To be fair, they’re nice squares. Easily distinguishable and nice to look at. Has almost a retro feel to it that pays homage to the days of old arcade machines. There was never an instance where I found myself feeling cheated because the game didn’t inherently tell me that a square was good or bad; I could just assume and the game made it fairly clear with their placement. Another nice thing aside from sheen is the placement, showing what can and can’t be possible for players. That is, if they can see them. All in all, it’s not so interesting that it distracts from the gameplay, but not interesting enough to fawn over when all’s said and done. Another tool to simply boost the game’s mechanics.

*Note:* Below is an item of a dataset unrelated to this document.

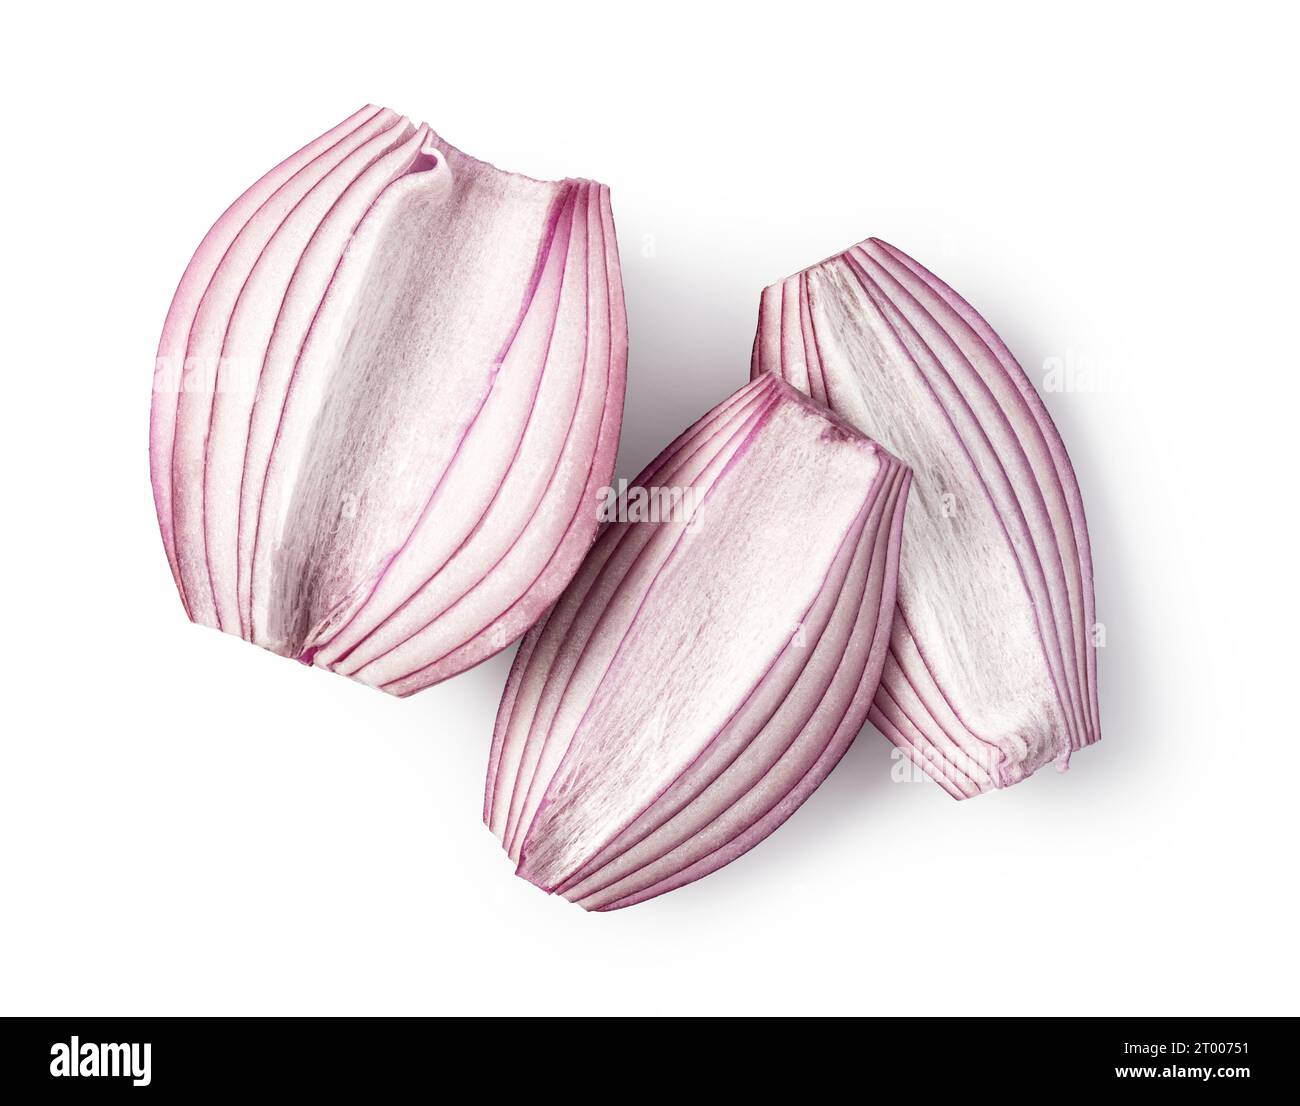 Sliced red onion ring Stock Photo

I quite liked the boss theme of the game. Gave me an old-school F-Zero vibe. Unfortunately, there are maybe seven tracks in the entire game. One plays for the first quarter of the game, then the second, and so on; there’s a boss theme and a theme that starts when one opens the game. In all honesty, the music does more for the atmosphere of the game than the constant dialogue cues. Be that as it may, it’s not entirely impressive. Base music that plays in the background that slightly heightens anxiety, but not particularly catchy or even appropriate within the setting. It would be interesting to see the environment of the game change a little as the game progresses, with the soundtrack becoming more dim as a result (which it does, but without the environmental changes). Perhaps like the world being the state of the “Creator’s” mental fortitude, slowly breaking as the player continues to progress. Some missed opportunities here, as instead the developer goes through with making it fairly baseline. Not that it’s altogether ruined from this, but it could certainly help intrigue in the long run.